Beyond basics: STEM education and Australia’s skills shortage


Science, technology, engineering and maths – we hear a lot of rhetoric on a daily basis about the importance of STEM education and how suitably qualified people can help nations build a prosperous future. Although the demand for employees with STEM skills is on the rise, the support and infrastructure to increase their numbers is missing.

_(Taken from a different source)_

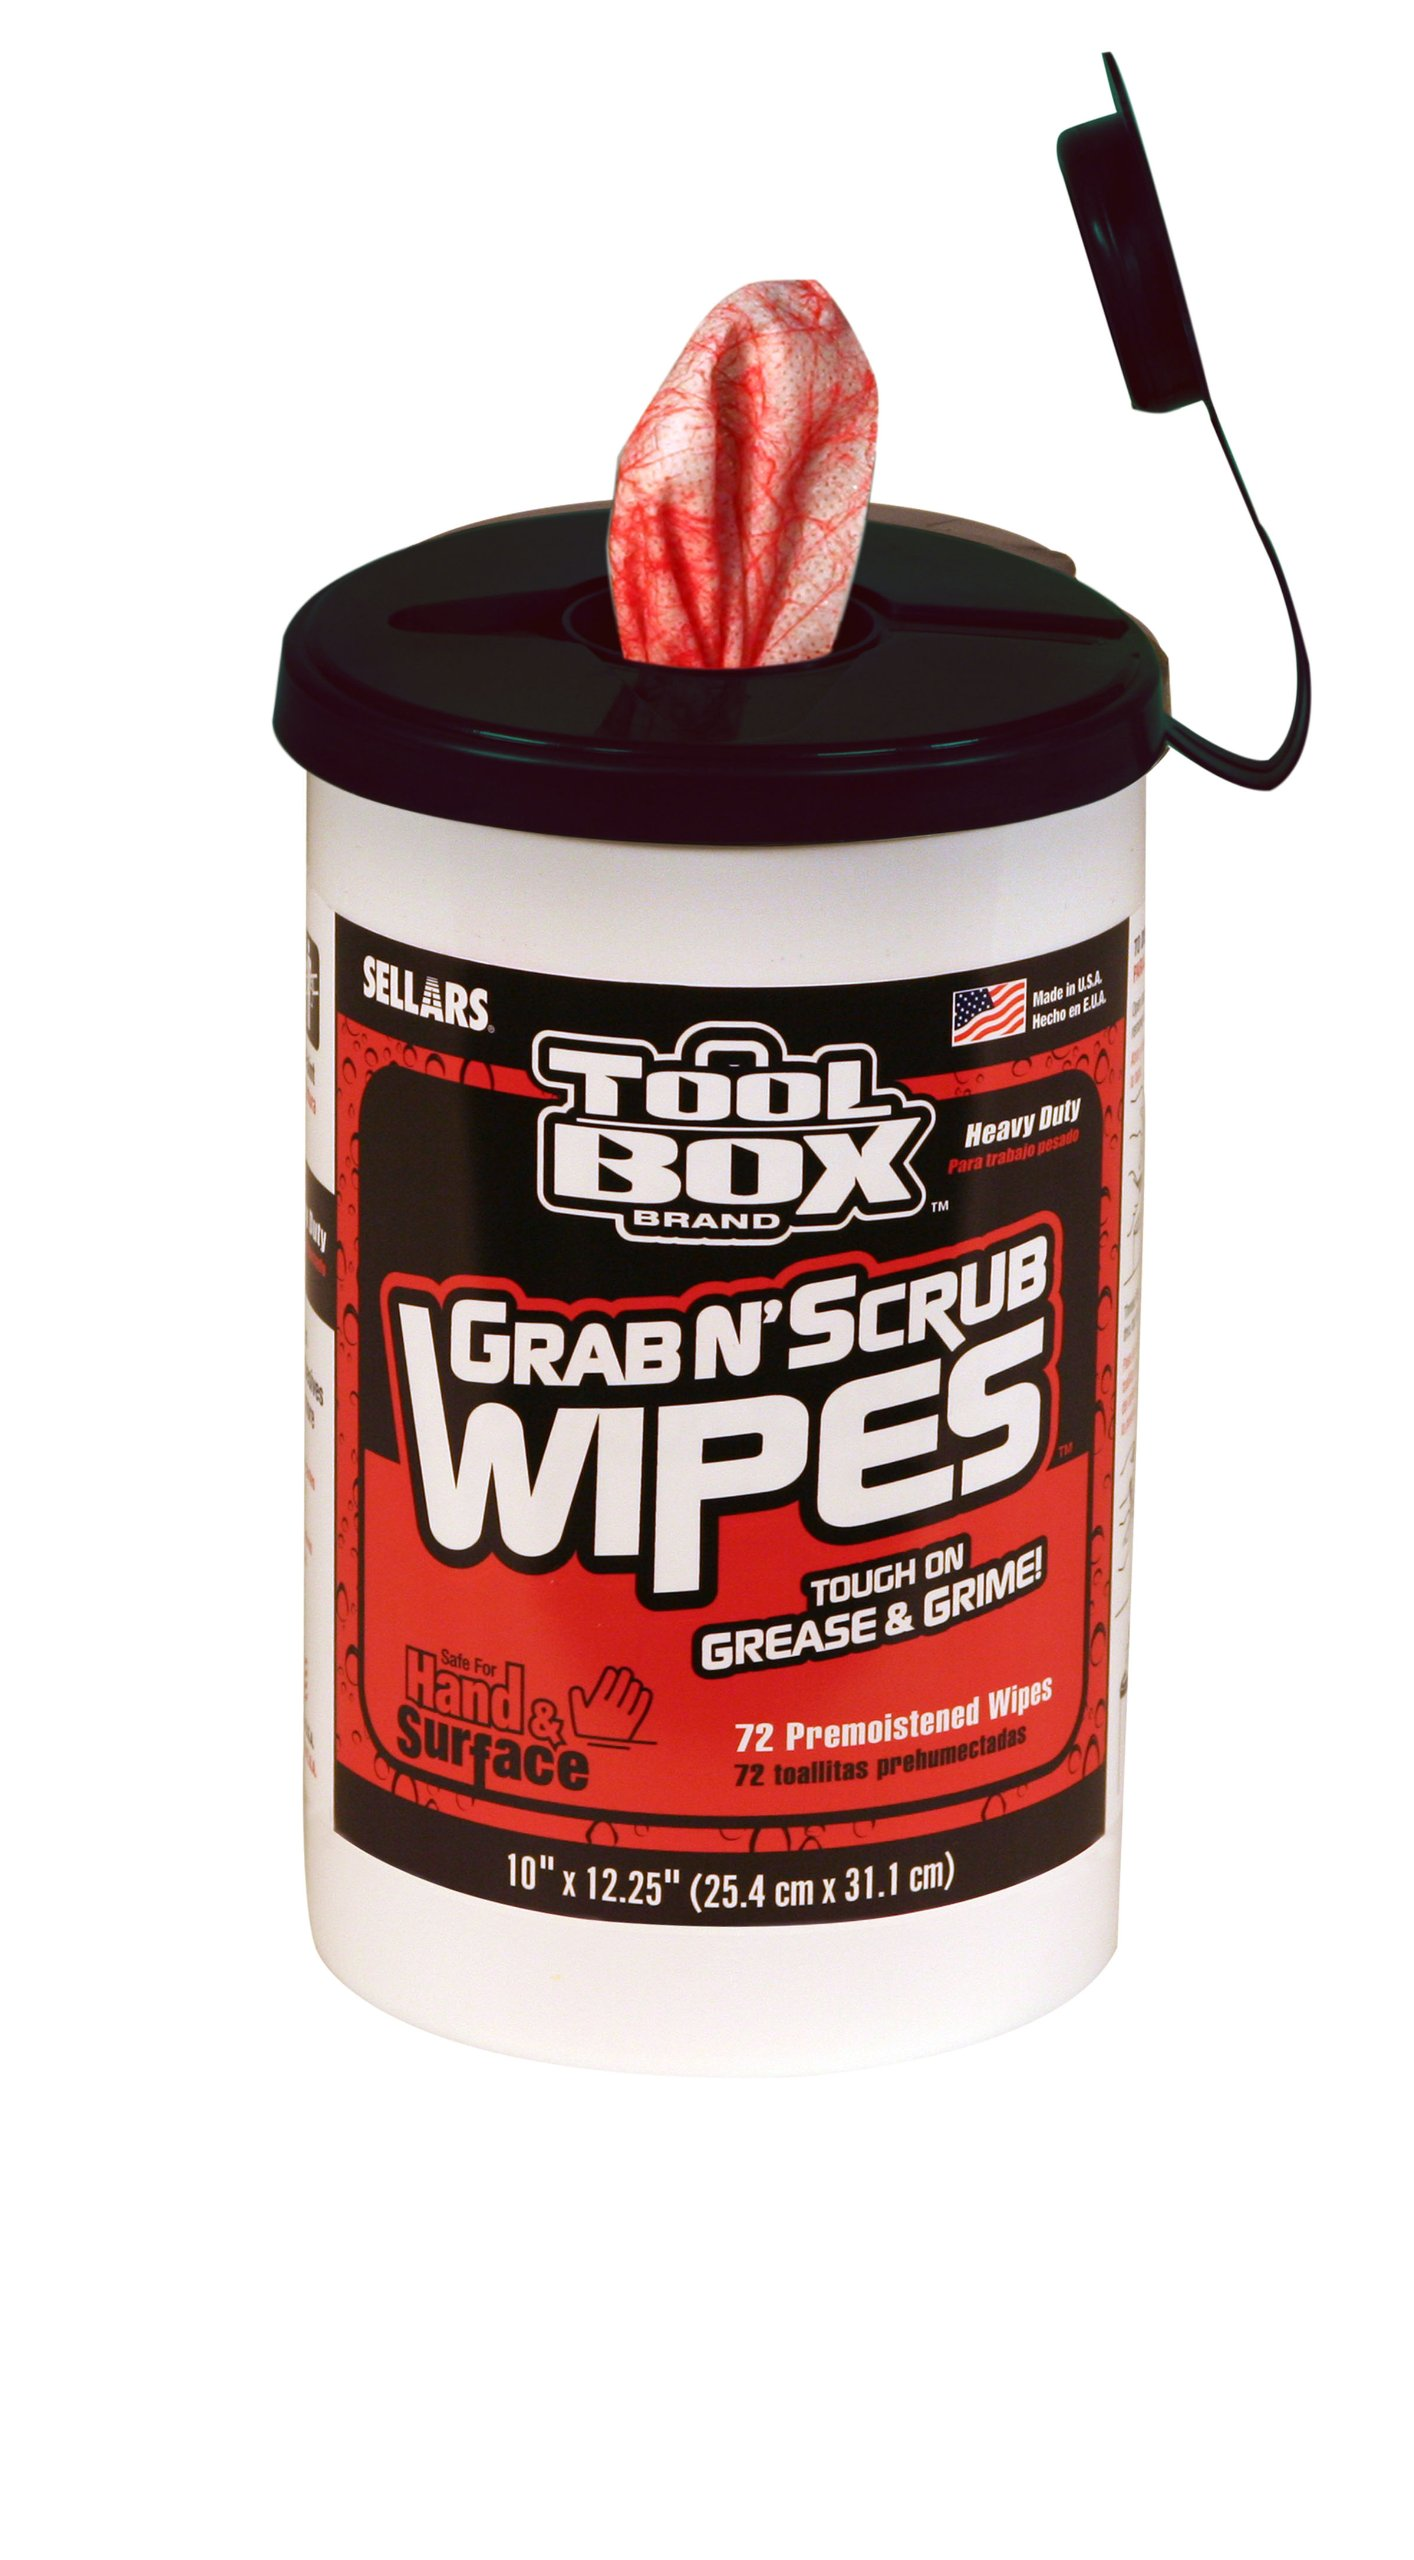 Sellars 90150 ToolBox Grab N' Scrub Wet Wiper, 12-1/4'' Length x 10'' Width, Red/White (6 Buckets of 72 Sheets) by Sellars Wipers & Sorbents

Jobs requiring STEM skills grew at about 1.5 times the rate of other jobs in recent years – 14 per cent compared to 9 per cent between 2006 and 2011, according to the Australian Bureau of Statistics. About 18% of the Australian workforce has STEM qualifications, with design, engineering, science, transport professionals and ICT professionals being some of the fastest growing occupations. Despite this need, Australia is being left behind. The country’s performance internationally lags behind other countries with comparable economies that are improving their provision, participation and performance at a rapid rate.

Nearly 44 per cent of Australian workplaces that require STEM skills have trouble recruiting qualified technicians and trade workers, according to research institute the Australian Industry Group (AI). The kink in the supply line starts early, as only 16 per cent of high school students pursue degrees in STEM disciplines.

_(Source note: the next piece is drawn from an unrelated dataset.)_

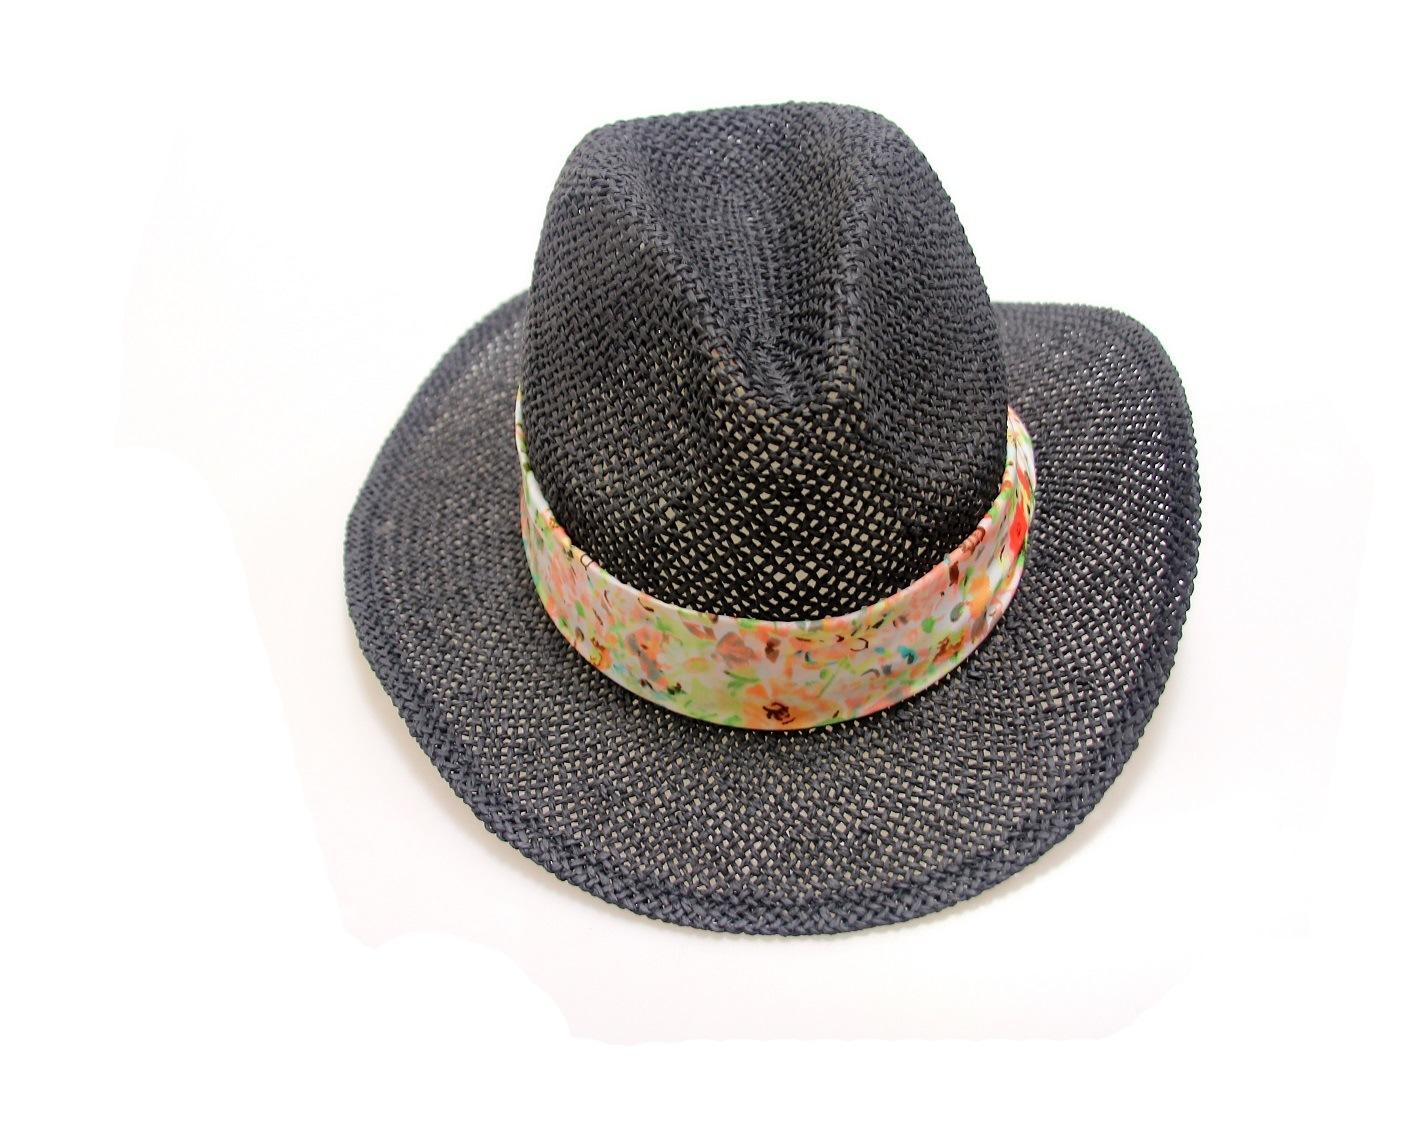 e23f61f89 [Hot Item] Fashion Hats Promotional Unisex Straw Cowboy Hat

Australia is one of a few Westernised countries that does not mandate science or maths after Year 10 for graduation, which might be the reason why students consistently fall behind in international rankings. One study of New South Wales high school students found that in 2014, 5.9 per cent of male students and 14.6 per cent of female students graduated with no maths or science education at all.

The trend continues through tertiary education, and students pursuing degrees in fields related to STEM are woefully underprepared for their course work. Emphasis is usually placed on the knowledge and digital economies and what the STEM skills shortage means for these industries, but attention also needs to be paid to industries such as mining that rely on trade workers or technicians. Participation is low in the VET sector in all STEM areas except engineering – in fact, the largest area of STEM skill shortages identified by employers occurs among technicians and trade workers.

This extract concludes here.